13. Data Flow in the Pipeline

The end-to-end sender/receiver interaction is:

sequenceDiagram
    participant SenderStage
    participant SenderConnector
    participant ReceiverConnector
    participant ReceiverStage

    SenderStage->>SenderConnector: put(from_stage, to_stage, put_key, data)
    SenderConnector->>SenderConnector: place payload in local memory pool
    SenderConnector-->>SenderStage: metadata(source_host, source_port, data_size, is_fast_path)

    ReceiverStage->>ReceiverConnector: get(..., metadata)
    ReceiverConnector->>ReceiverConnector: allocate destination buffer
    ReceiverConnector->>SenderConnector: ZMQ pull request with dst addr
    SenderConnector->>ReceiverConnector: TransferEngine remote write
    SenderConnector-->>ReceiverConnector: TRANS_DONE
    ReceiverConnector-->>ReceiverStage: ManagedBuffer or deserialized object

For metadata-less polling, the flow simply adds a metadata query step before the pull request.

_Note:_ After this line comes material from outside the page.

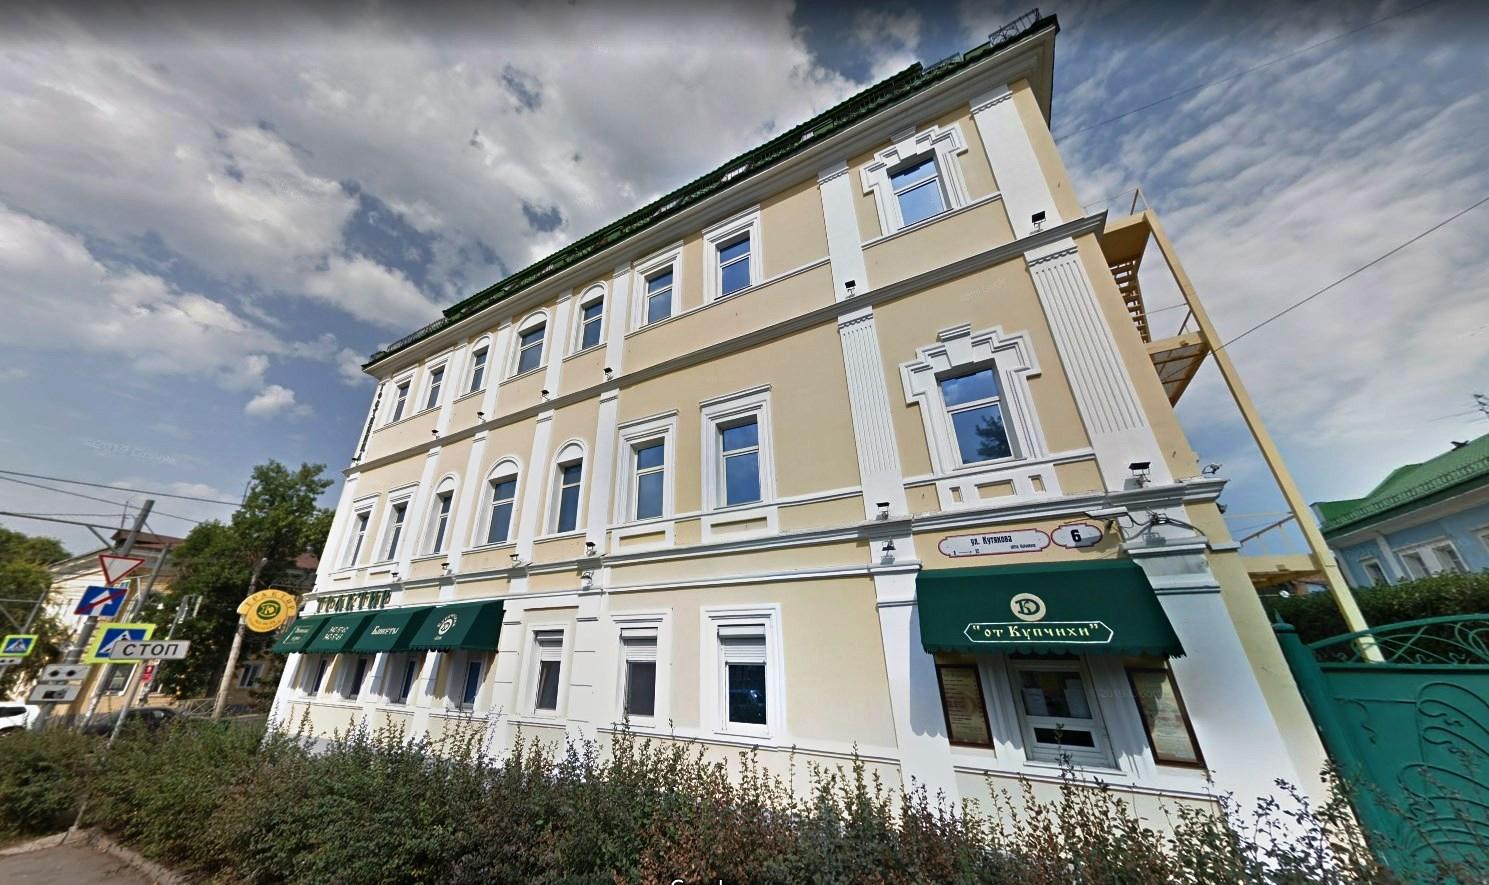 Кутякова 6 -- Дом купчихи Шадриной
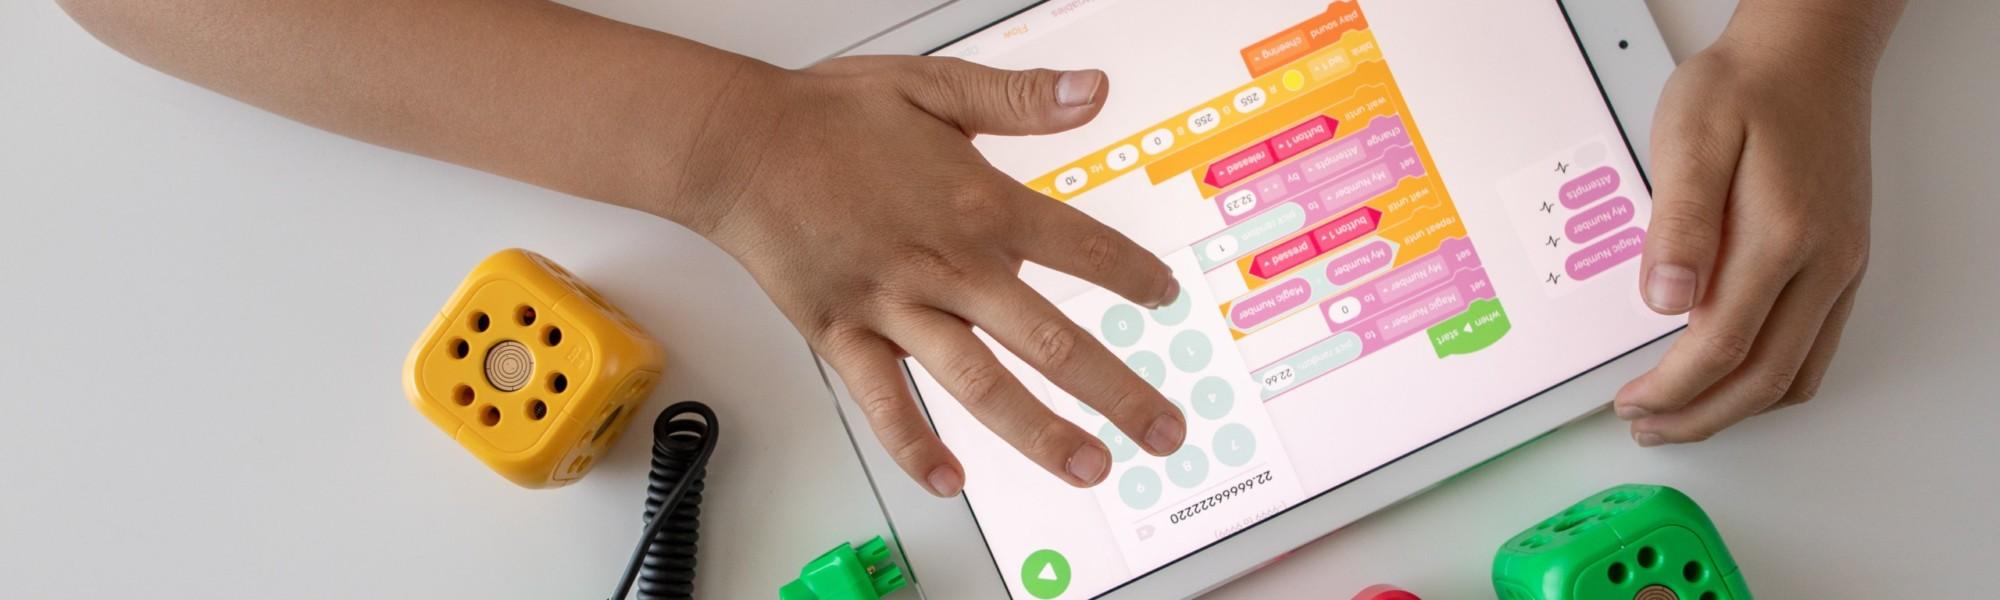 Kuvassa näkyy tablettitietokone ja kädet.

14. Strengths and Trade-offs

Strengths

  • Best remote-transfer design in the current connector stack for large payloads.
  • Supports raw-data fast path.
  • Keeps stage communication under the same connector abstraction.
  • Includes real lifecycle and memory-pool management.
  • Works for both stage payload transfer and KV transfer scenarios.

Trade-offs

  • More complex than the store-based connector.
  • Correctness depends on role injection and endpoint coordination.
  • Caller must release fast-path receive buffers.
  • Current implementation is optimized for single-consumer transfer semantics.

15. Summary

MooncakeTransferEngineConnector is the high-performance peer-to-peer transport in the OmniConnector system. Its design combines:

  • a registered memory pool
  • a safe subrange allocator
  • a ZMQ control plane
  • a Mooncake transfer-engine data plane

This allows the connector to support both:

  1. a fast path for raw tensors and bytes
  2. a generic object path for arbitrary Python payloads

Within vLLM-Omni, it is the connector that most directly targets performance-sensitive remote transfer, especially for large payloads and KV cache movement. Its additional complexity is deliberate: it is the connector that turns the generic OmniConnector abstraction into a transport capable of efficient remote memory movement rather than simple object storage.